Ridgeway, also a district arts educator, nominated the school for the award.
Glacier Valley has been invited to perform March 15 at the Kennedy Center in Washington, D.C. The school also was invited to perform at the National Museum of the American Indian while on the East Coast.
Glacier Valley teacher Susan Sielbach said school officials hope to send 33 students to perform a locally written play, "The Tides and the Tempest," at the Kennedy Center.
Like everything else in local arts education, how many students eventually go depends largely on funding. Sielbach said the cost for the trip hovers near $40,000.
"We're hoping for corporate sponsorship," she said. "We don't want to run a bunch of bake sales, but we will if we have too."
Student auditions have begun for the 33 performance roles, she said.
The award came for a program that infuses reading, writing, science and math with art.
"Art is not an after-school activity," Ridgeway said. "It's in the teaching practice."
Children learn math through visual art, grammar through song and science through dance. Glacier Valley is a beacon of hope for other schools that they can afford art too, Ridgeway said.
Before the celebration assembly, former Glacier Valley student Devon West, now at Floyd Dryden Middle School, told people the first art she can remember making came in class at Glacier Valley. She made a quilt. West talked about making books and masks and participating in dance.
"I realized how important the arts are to kids," she said.
The arts-integrated program has been credited with increasing test scores, improving attendance and reducing discipline problems.
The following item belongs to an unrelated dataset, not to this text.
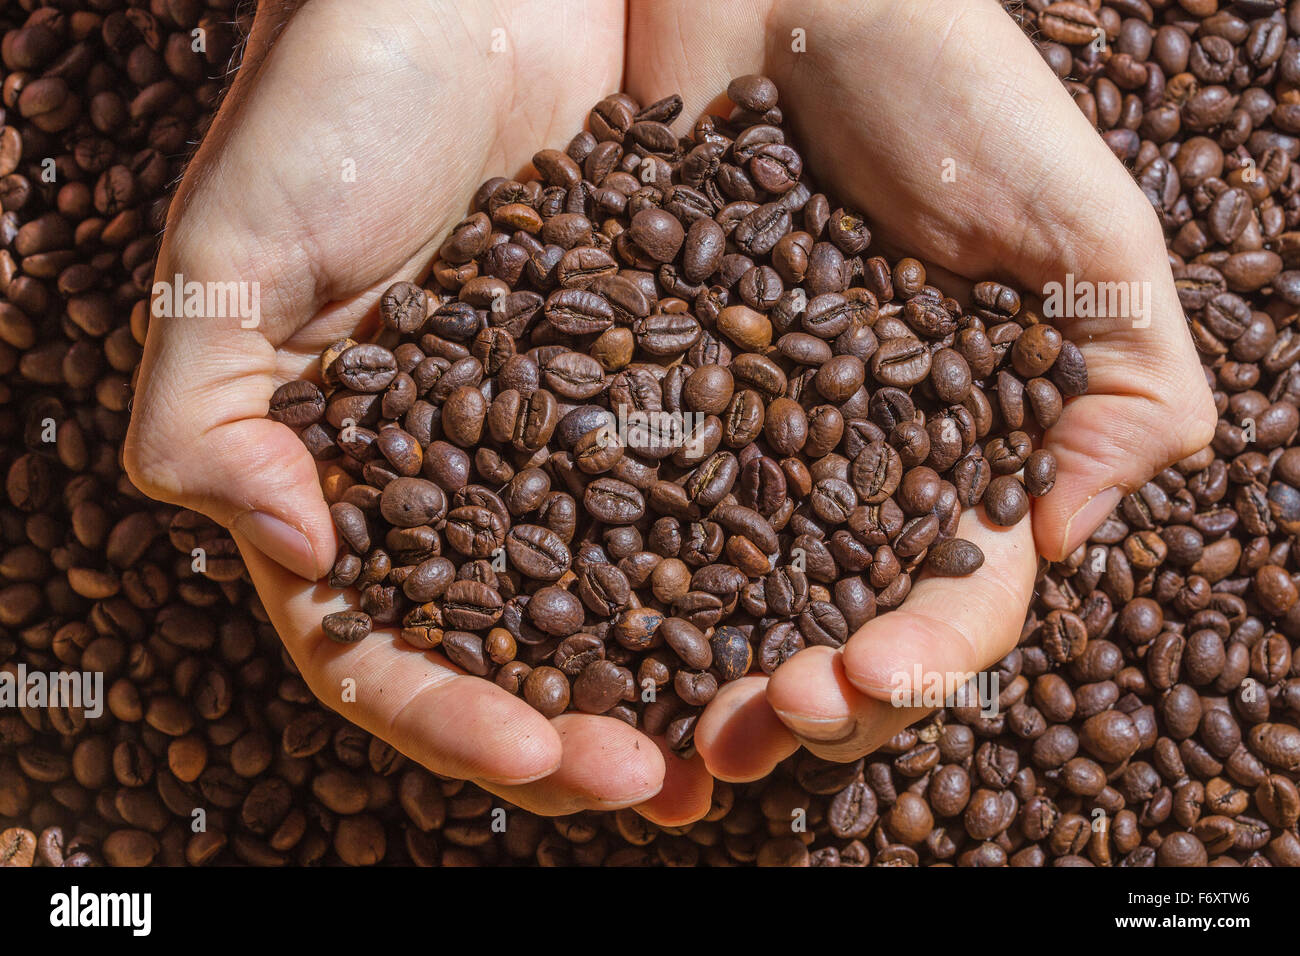 Hände eines Mannes hält eine Handvoll braunen Kaffeebohnen. Kaffeebohnen als einheitlichen Hintergrund. Stockfoto

Ted Wilson, Glacier Valley principal, said the program's recent success, publicly and with students, has encouraged the district to add a new elementary art teacher. The district now has three art teachers dedicated to its seven elementary schools.
"It confirms the importance," he said. "I'd like to thank the district for the support they've already given us."
The award-winning program also would not have been possible without private funding from local businesses and individual donors who contributed $20,000.
Lorrie Heagy, Glacier Valley arts educator, said that the panel of judges was impressed with the private funding commitment from the Juneau community.
"The private funding was of the utmost importance," Wilson said. "The level we are working at takes quite a bit of funding."